The big trend in incentive design is multipoint solutions that pull employees through a complete results life cycle. Simply offering a $200 gift certificate to complete a health risk assessment (HRA) is a recipe for failure. A far-superior multipoint program starts with completing an HRA that offers escalating rewards for multiple points along the results path. For example, you get successively more points for going to a gym, signing on a dedicated health coach, losing 10 pounds, or quitting smoking, with the biggest rewards later in the process for higher-value benchmarks.

Rideau’s Peter Hart pointed out another incentive design point often missed by HR executives less knowledgeable in incentive design and implementation. “In incenting specific behaviors, cash is not king. In fact, cash rewards can often make problems worse,” Hart said. “In a smoking cessation program, cash rewards can be a bonus to buy more cigarettes. In a weight management program, cash is currency for a cheeseburger or donuts. But a gift certificate for a gym or athletic equipment reinforces weight change. Behavior-specific awards are superior in delivering the desired behavior-based results.”

Meyer said he believes that partnerships are a necessity in today’s business environment. “That is, you can’t afford to do everything yourself; and customers want integrated services and best-in-class quality. The problem always comes in integration, which Rideau excels at,” he said. “Their technology team is large and fast, they offer a large awards catalog, web fulfillment, and points-based administrative capability to track and exercise accumulated points for awards.”

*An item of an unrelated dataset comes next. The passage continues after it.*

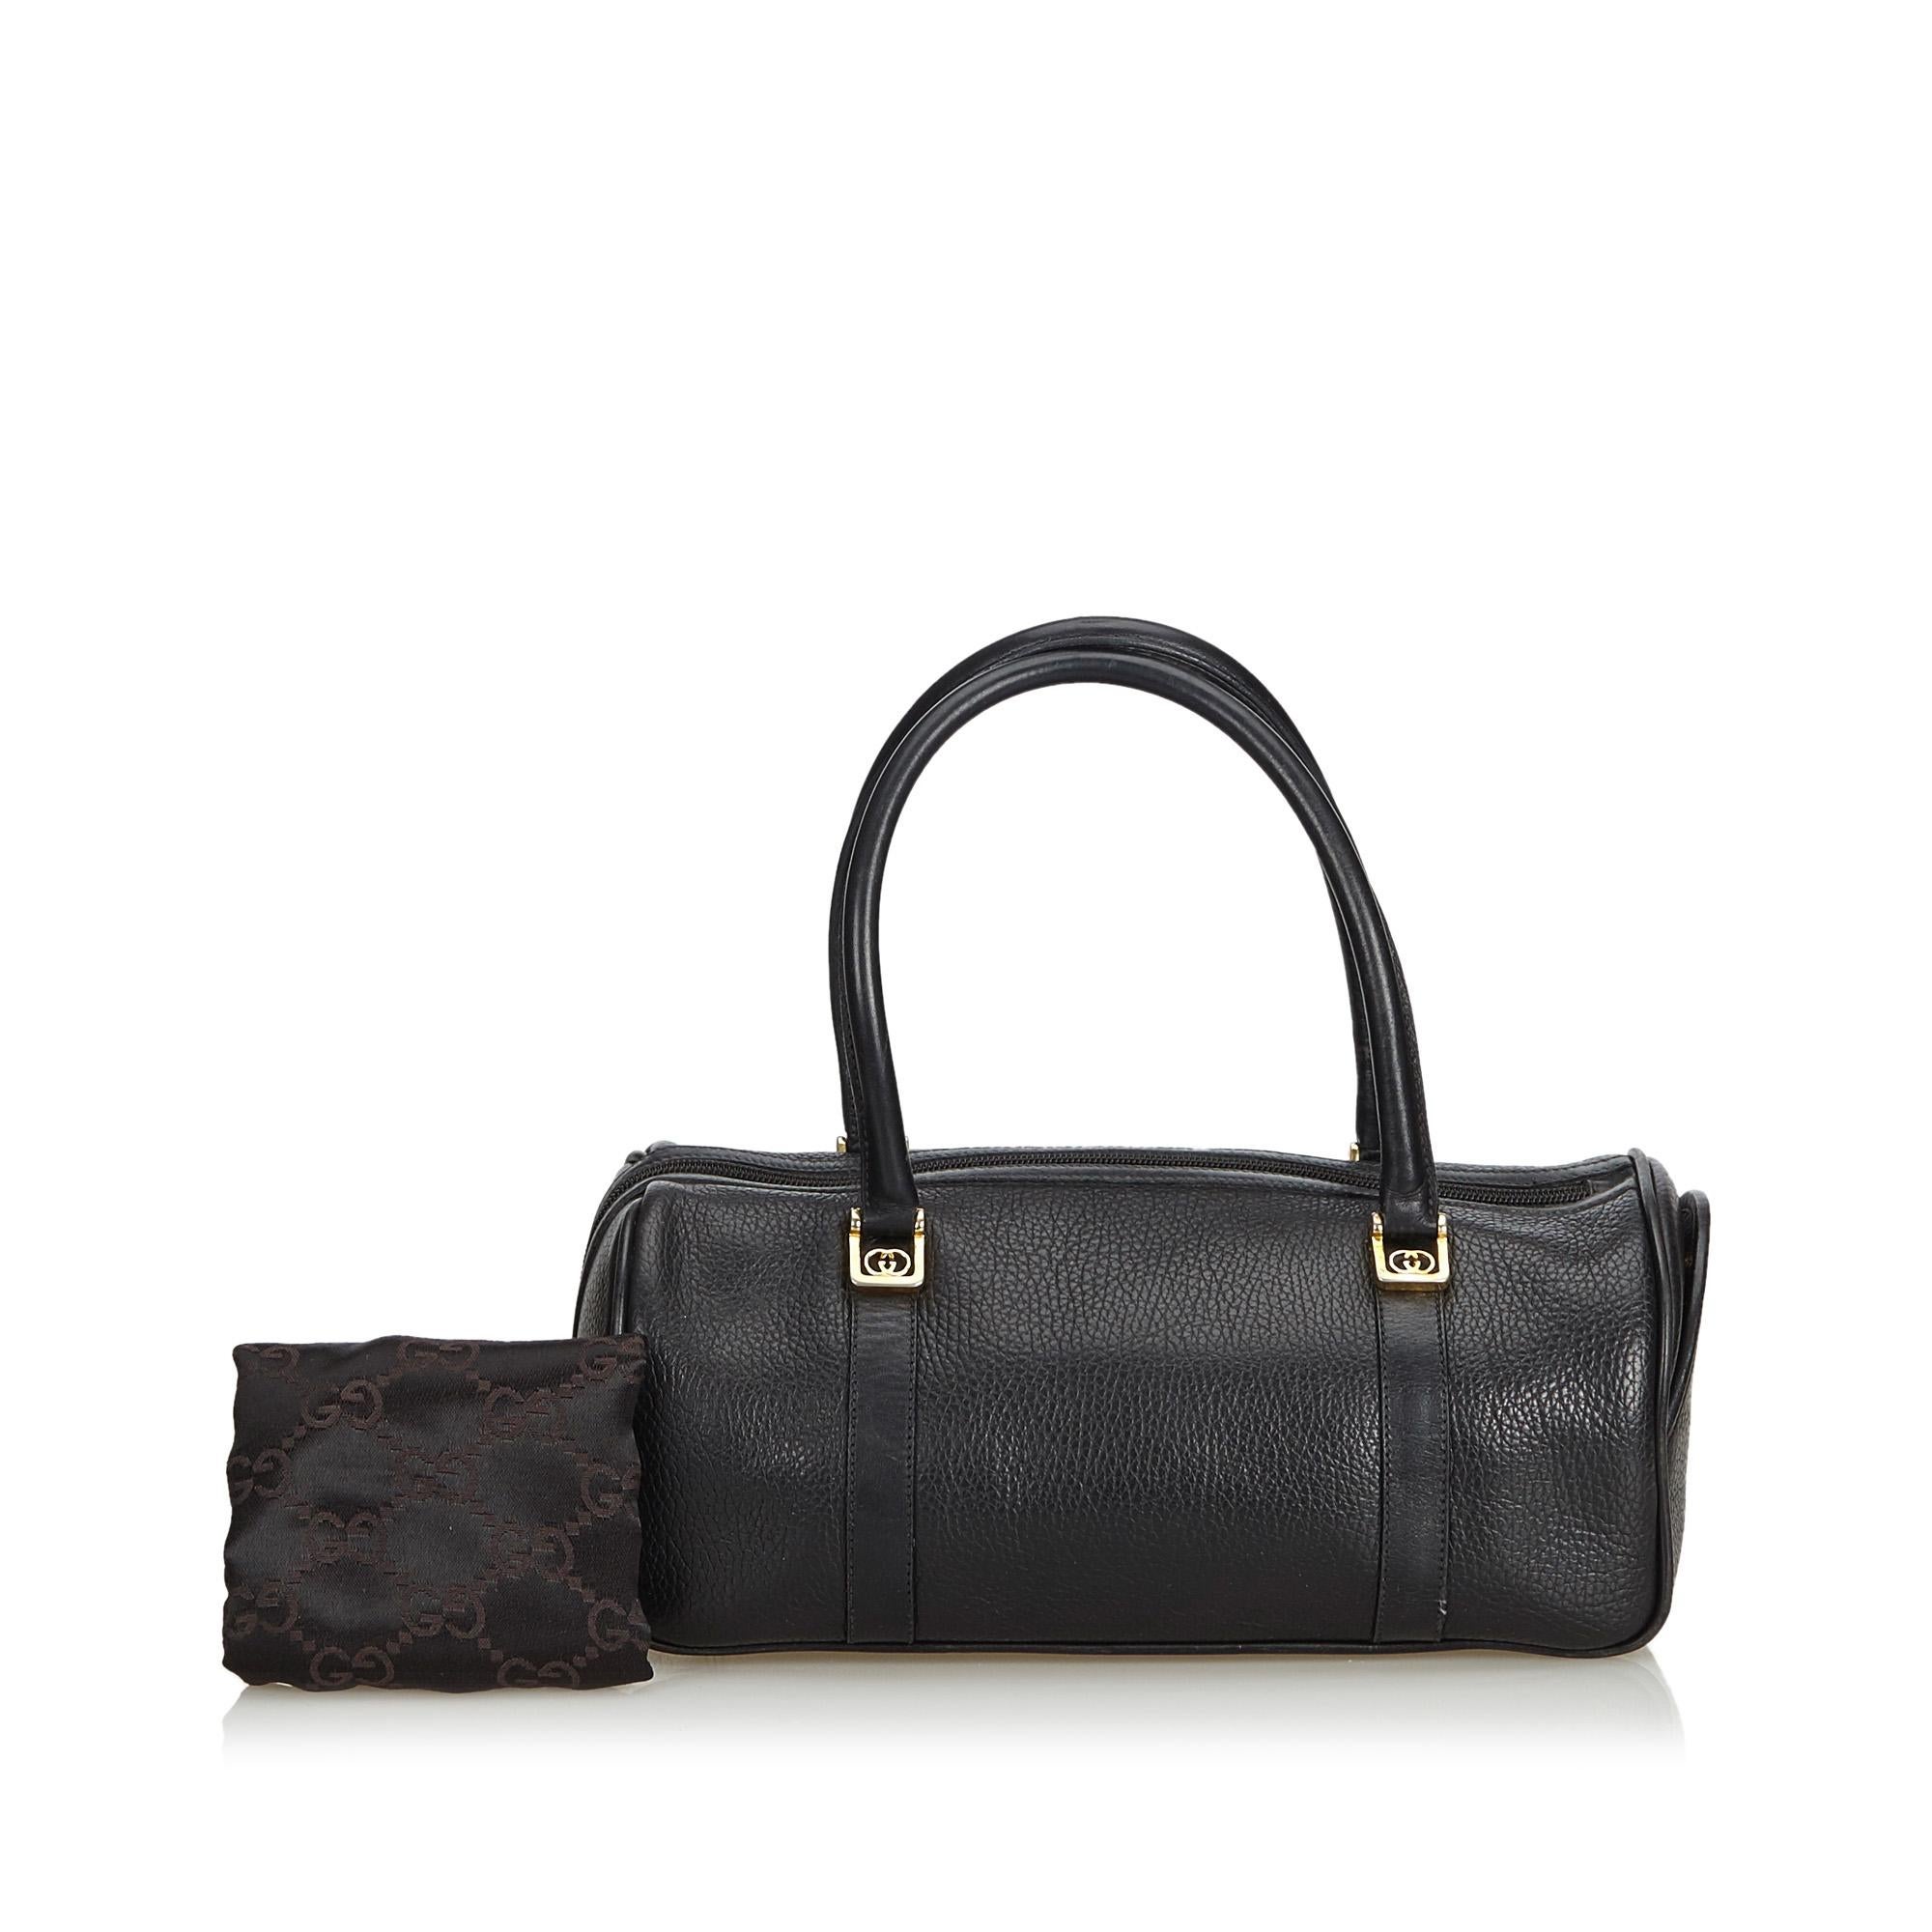 Gucci Black Leather Handbag For Sale 6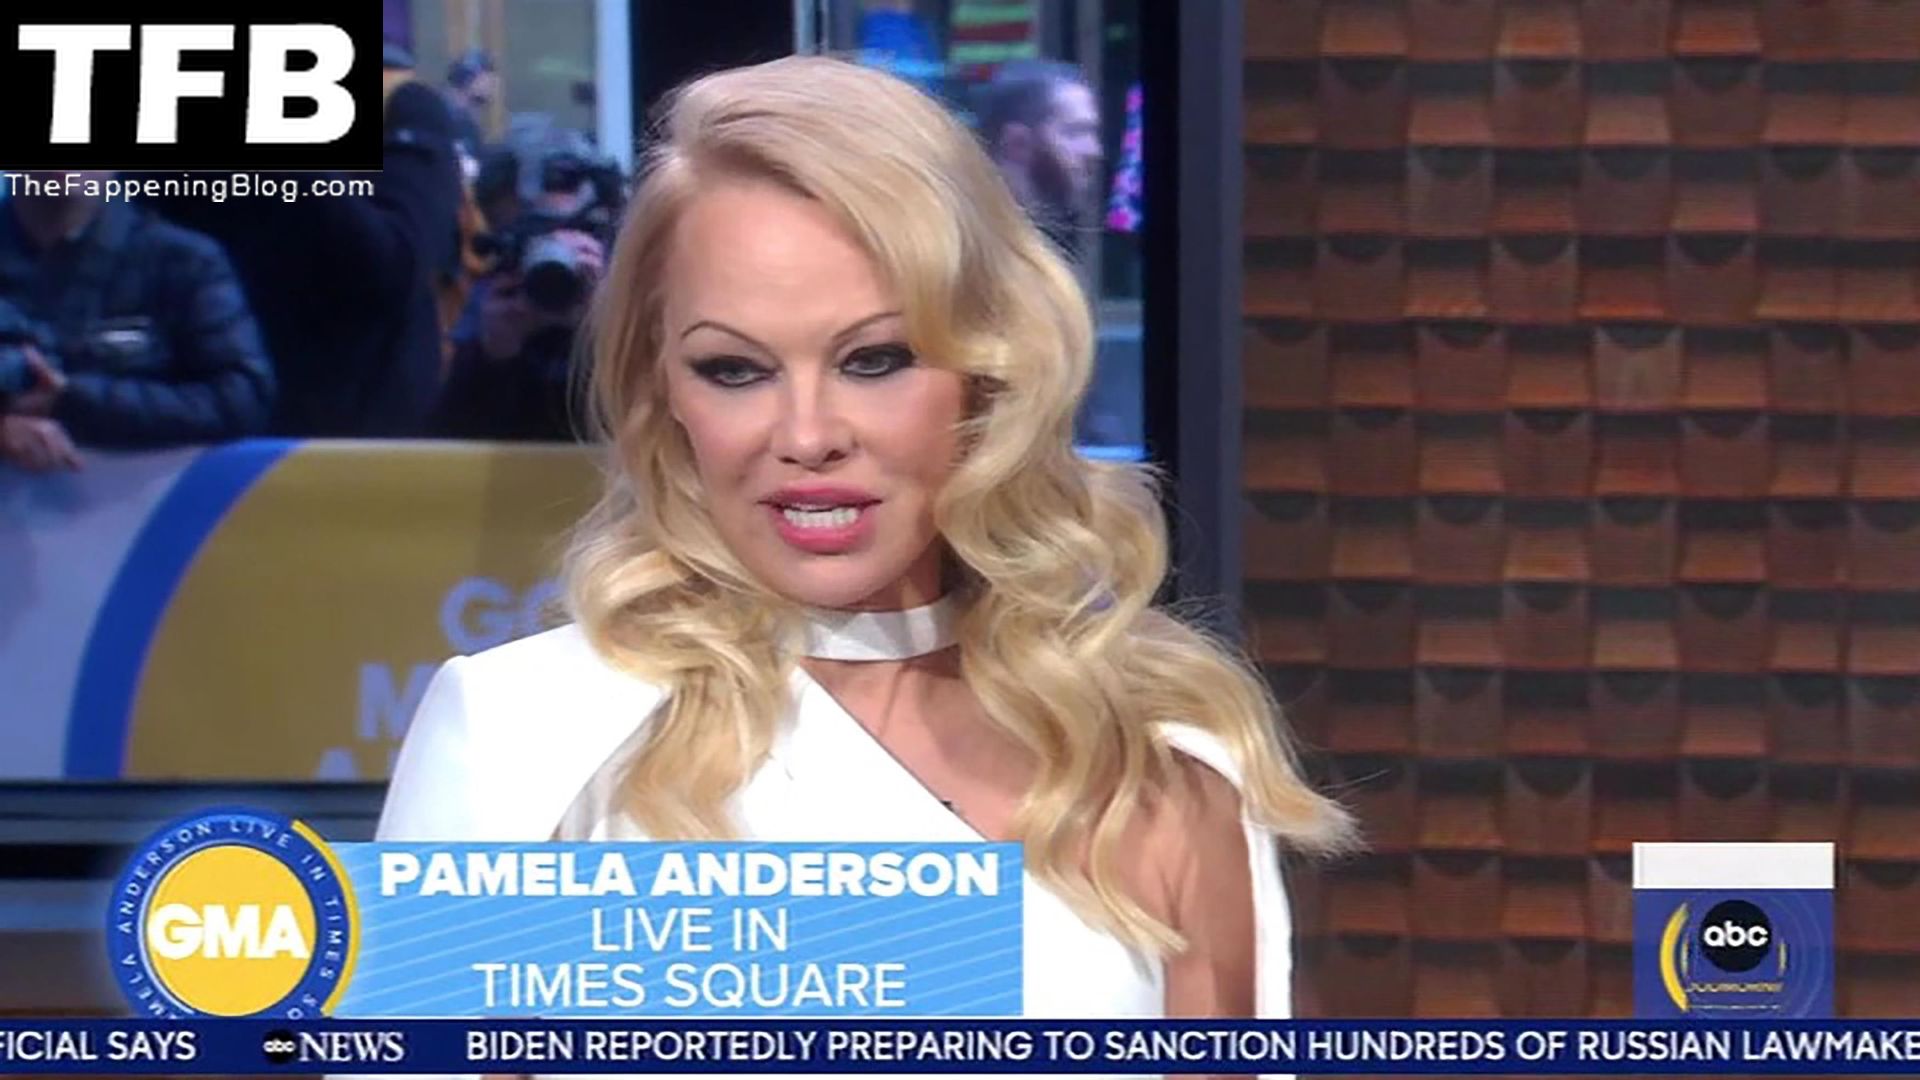 Pamela-Anderson-Hot-The-Fappening-Blog-24.jpg

He cited the partnership with Rideau as a contributor to the recent rapid rise in wellness programs. In MetLife’s recent sixth annual employee benefits trend study, wellness plan participation is now at 31 percent among employees. This rate total nears the 36-percent participation level of employee assistance plans (EAPs) and actually exceeds FSA/HSA programs in popularity.

Former Minnesota Governor Arne Carlson helped forge the initial partnership between Rideau and Minneapolis-based Ceridian more than three years ago. Since then, Rideau’s revenues have risen more than 40 percent, and the company has become a market leader in large-company recognition programs. A member of the Rideau board of directors, Carlson emphasized the role of trust in helping both parties partner up. Meyer recalled Carlson advising both Ceridian and Rideau to avoid overpromising to the customer and to each other. “Unreasonably set expectations are what I often see in partnerships that don’t work,” said Carlson. (For more partnership tips, see “Carlson’s Eight Secrets for Successful Partnerships.”)

With the promise of a 17:1 healthcare cost ROI and five times that amount on productivity improvements, wellness programs and recognition-driven incentive programs are both on the rise. Rideau’s Hart observed that the market for recognition-driven incentive partnerships is growing rapidly as HR leaders further grasp the results-acceleration effect of these solutions.

“Today’s HR customer is held accountable for performance and will support any type of partnership that helps deliver results, whether cost savings, retention, or sales increases,” he commented. “Saving money by making employees healthier is a simple business idea. But delivering that result is complex, because we’re dealing with human behaviors. The ultimate sound-bite from this story is the same as for many HR programs. The missing link between the HR idea and actual results is an expertly designed employee recognition and incentive program.”